Brauche Beratung beim Thema Spiegelreflexkamera

    • (1) 27.05.12 - 12:43

      Hallo erstmal

      Mein Mann und ich haben beschlossen uns eine Spiegelreflexkamera zuzulegen, allerdings ist das Neuland für uns.

      Anforderungen:
      - Sie sollte bewegende Bilder schnell und scharf einfangen

      - Gut in der Hand liegen

      - Mit dem Anfangsobjektiv nicht über 600€ liegen

      Aktuell haben wir eine 4 Jahre alte Digitalkamera..versuche ich unseren rennenden Hund zu fotografieren habe ich wenn ich Glück habe nur noch den Hintern auf dem Foto und der ist dann auch noch verschwommen :-)

      Im Media Markt wurden uns die Nikon D3100 und die Canon EOS 1100 empfohlen.
      Von einem Fotografen wurden uns die Canon EOS 550 und die Canon EOS 600 empfohlen.

      Und nächste Woche ist die Nikon D5100 im Angebot allerdings mit 2. Objektiv für 749€ im Angebot.

      Kann mir jemand von euch weiterhelfen und mir eine empfehlen?! :-)

      Gruß armemaus

      • Wir haben seid 2 Jahren die Canon Eos 550D. Sie ist super und ich würde immer wieder Canon kaufen. Für uns war es zu Anfang auch alles neuland aber man fuchst sich da schnell rein.

        Die neue Eos 600D is nicht wirklich anders als die 550, außer das der Display ausklappbar und schwenkbar ist, muss jeder selber wissen ob man das wirklich braucht.

        LG

        Das sind heutzutage Gründe für eine DSLR?

        Eine DSLR wird den Hintern eures Hundes auch nicht besser einfangen - denn wenn erstens nur noch der hintere Teil des zu fotografierenden Objekts drauf ist, ist der Fotograf schlichtweg zu langsam und wenn das Bild auch noch verschwommen ist, hat er auch nicht die richtigen Einstellungen im Griff.

        Anstatt blind eine DSLR zu kaufen und dann ernüchternd feststellen, dass auch da die Bilder nicht plötzlich sauber und scharf sind und eine tolle Komposition haben, würde ich mir ein Magazin kaufen und mich etwas weiterbilden, was die verschiedenen Einstellungen sind, was sie bewirken u.a.

        Eine vier-jährige Digitalkamera sollte im manuellen Modus euch eigentlich bis zu einem gewissen Grad selber diese Einstellungen vornehmen lassen. Dann würde ich schlicht und ergreifend damit experimentieren, bis ihr ein Gefühl dafür habt.
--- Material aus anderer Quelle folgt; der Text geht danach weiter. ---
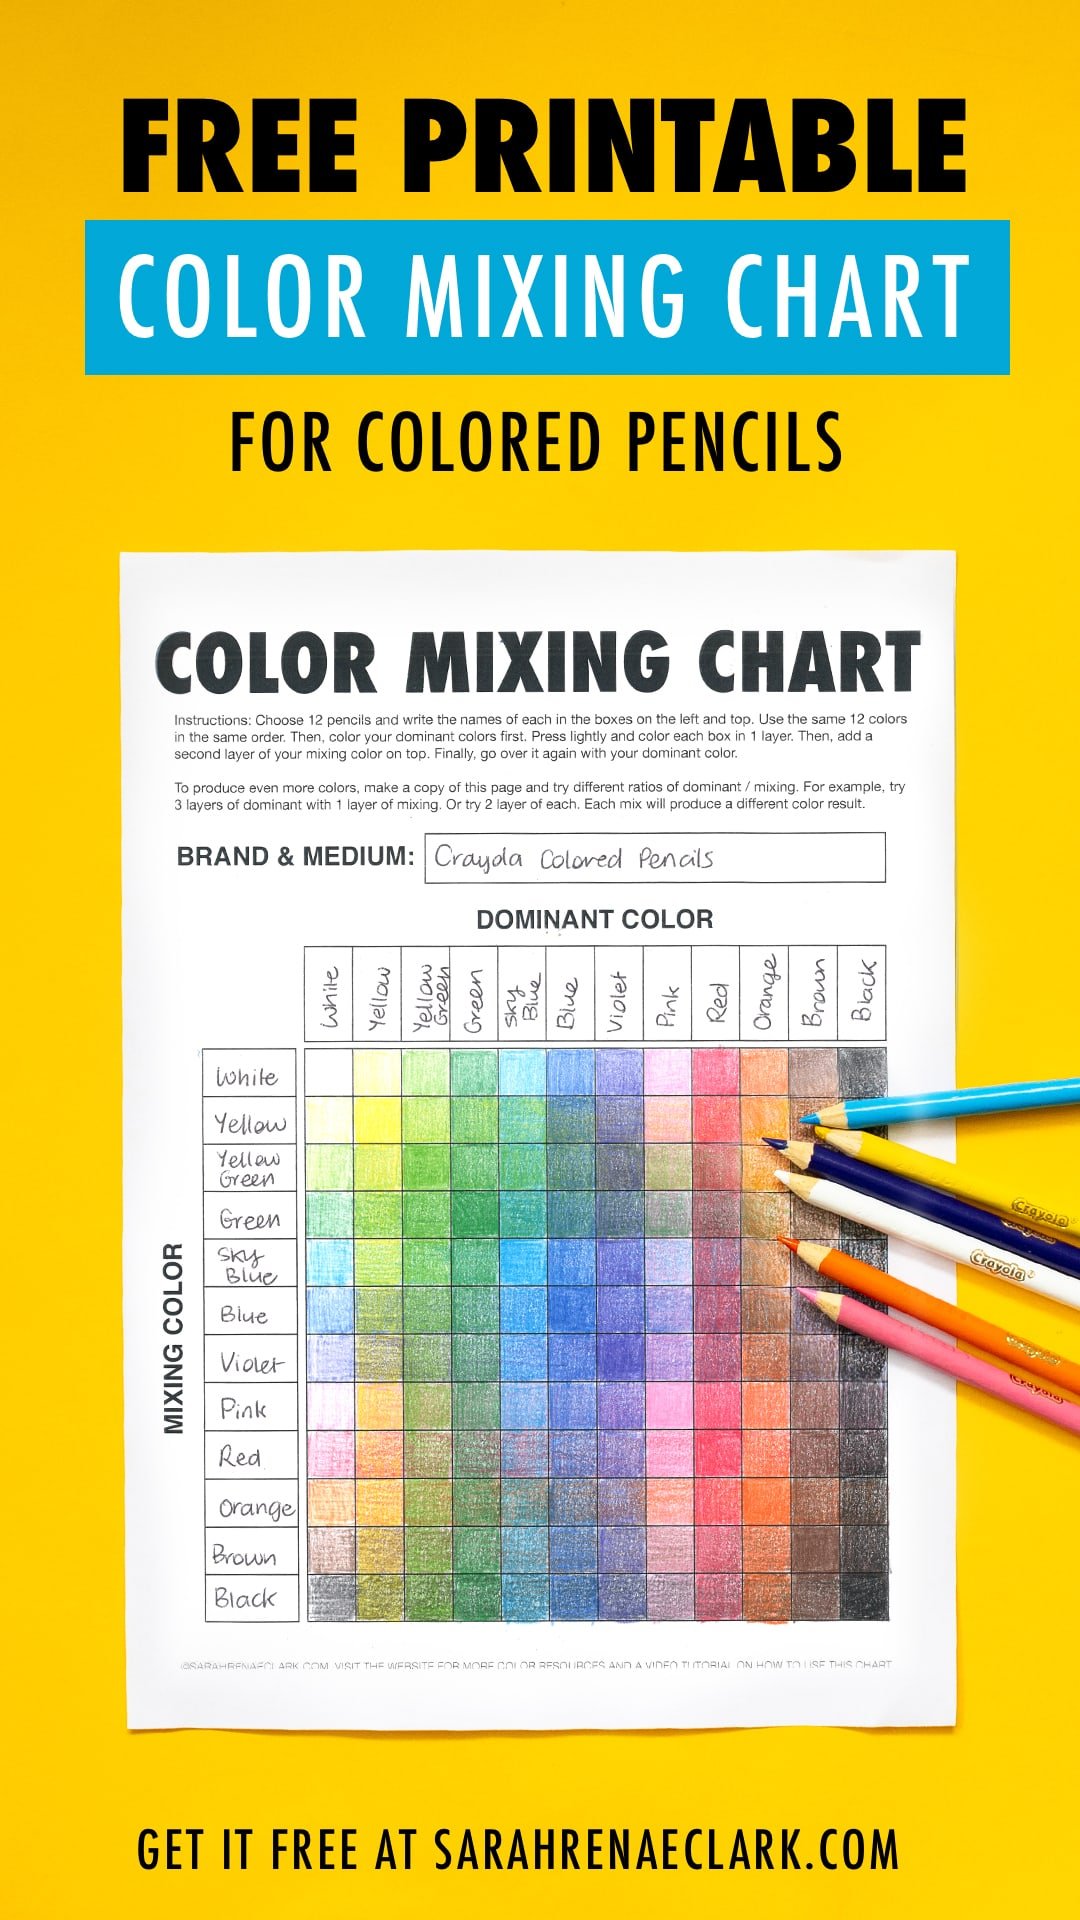 FREE color mixing chart 2 - Sarah Renae Clark - Coloring Book Artist

        Du machst nicht den Eindruck, als würdet ihr speziell etwas fotografieren wollen, das über den Hund im Garten hinaus geht - also eher Erinnerungsfotos oder im Urlaub - deshalb würde ich bedenken, dass eine DSLR auch um einiges schwerer und grösser ist, als eine Digitalkamera, eben nicht ganz so gemütlich in der Hand liegt und auch einen höheren Wert hat - Diebstahl?
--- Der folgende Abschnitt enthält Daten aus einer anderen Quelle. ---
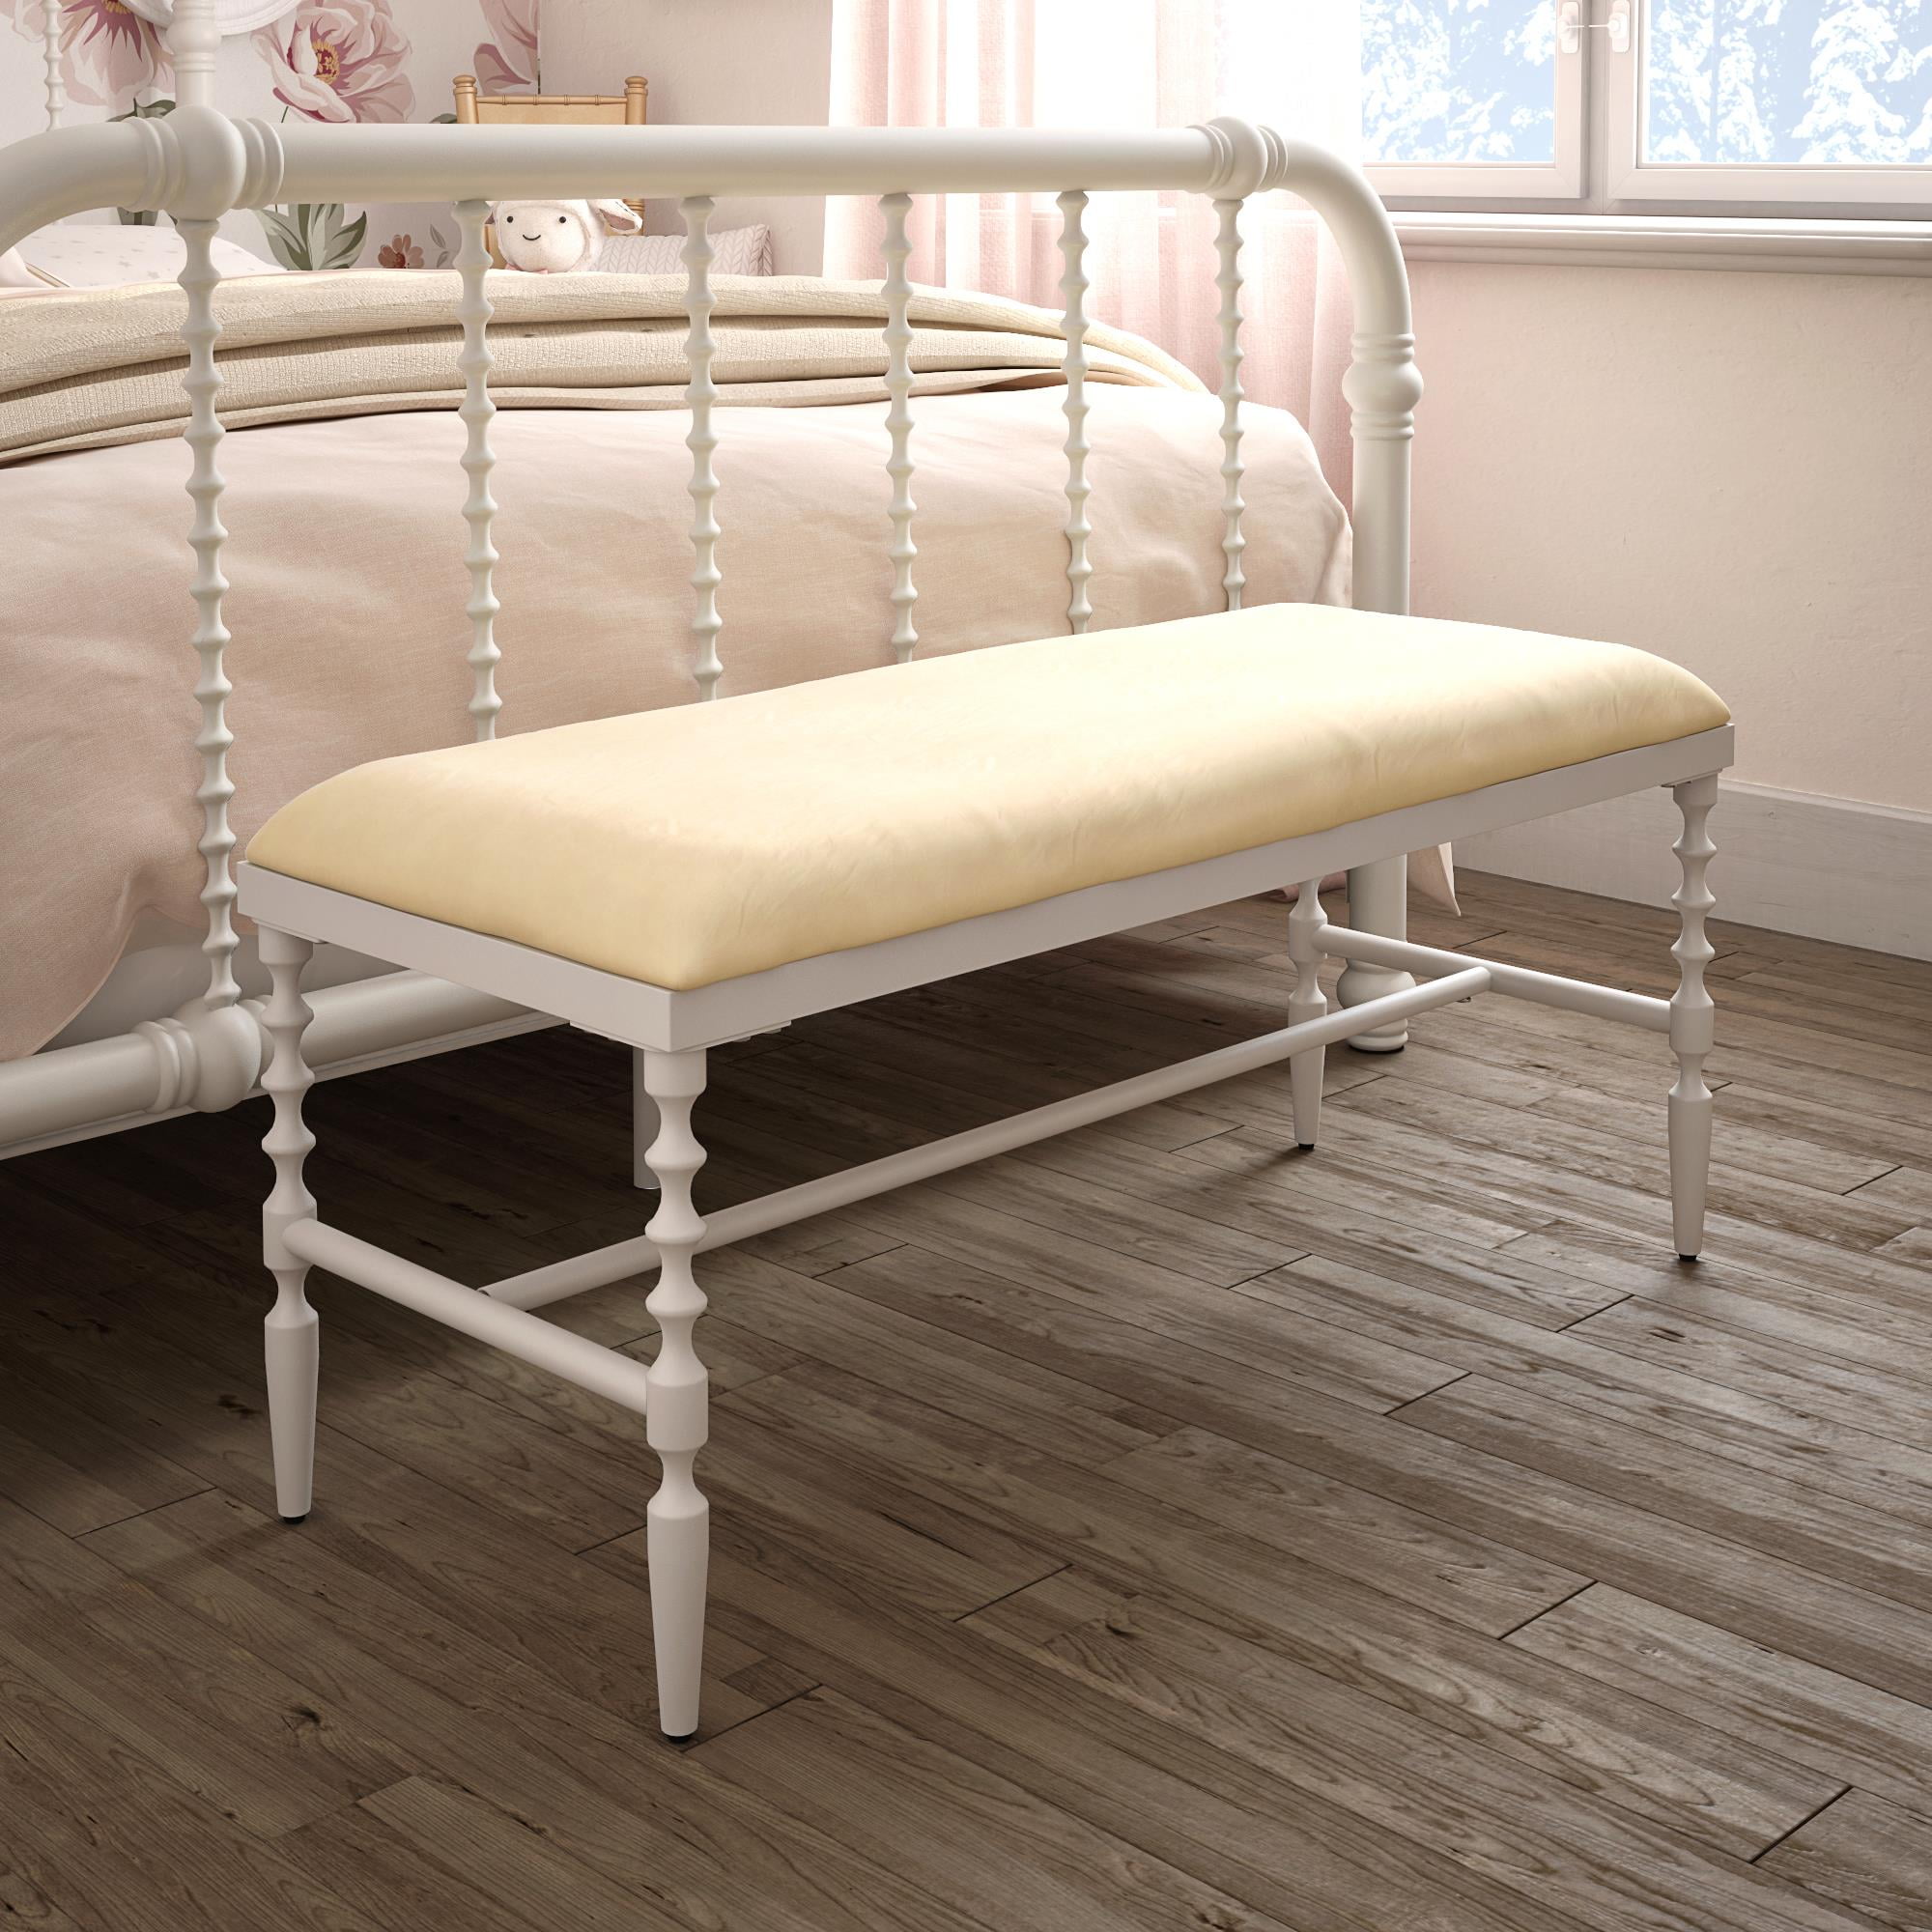 InRoom Furniture Designs White Finish Wood Jenny Lind Upholstered Bench

        Dazu kommt, dass das mitgelieferte Objektiv in den meisten Fällen zwar durchaus in Ordnung, aber auch nicht wahnsinnig genial ist und das Objektiv beeinflusst das Resultat auch massgebend. Deshalb muss man sich dann überlegen, ob man nicht doch ein Zweites kaufen sollte.

        Ich habe mehrere semi-professionelle und richtig professionelle Fotografen in meinem Umfeld - u.a. auch weil ich mit diesen zusammen arbeite und die verlassen sich nicht nur auf ihre DSLR, sondern machen richtig gute Fotos auch mit stinknormalen Digitalkameras oder sogar alten, russischen Lomokameras.

        Nicht die Kamera macht gute Bilder, es kommt immer noch darauf an, wer sie bedient.

        (http://cdn.iwastesomuchtime.com/February-16-2012-17-16-34-Selection012.jpg - und bitte nicht zu ernst nehmen.)

        • Das mit dem Hund war nur ein Beispiel.

          Ich weiß, dass durch eine neue Kamera die Bilder nicht von alleine besser werden..und doch ich möchte sehr wohl noch mehr fotografieren außer unseren Hund.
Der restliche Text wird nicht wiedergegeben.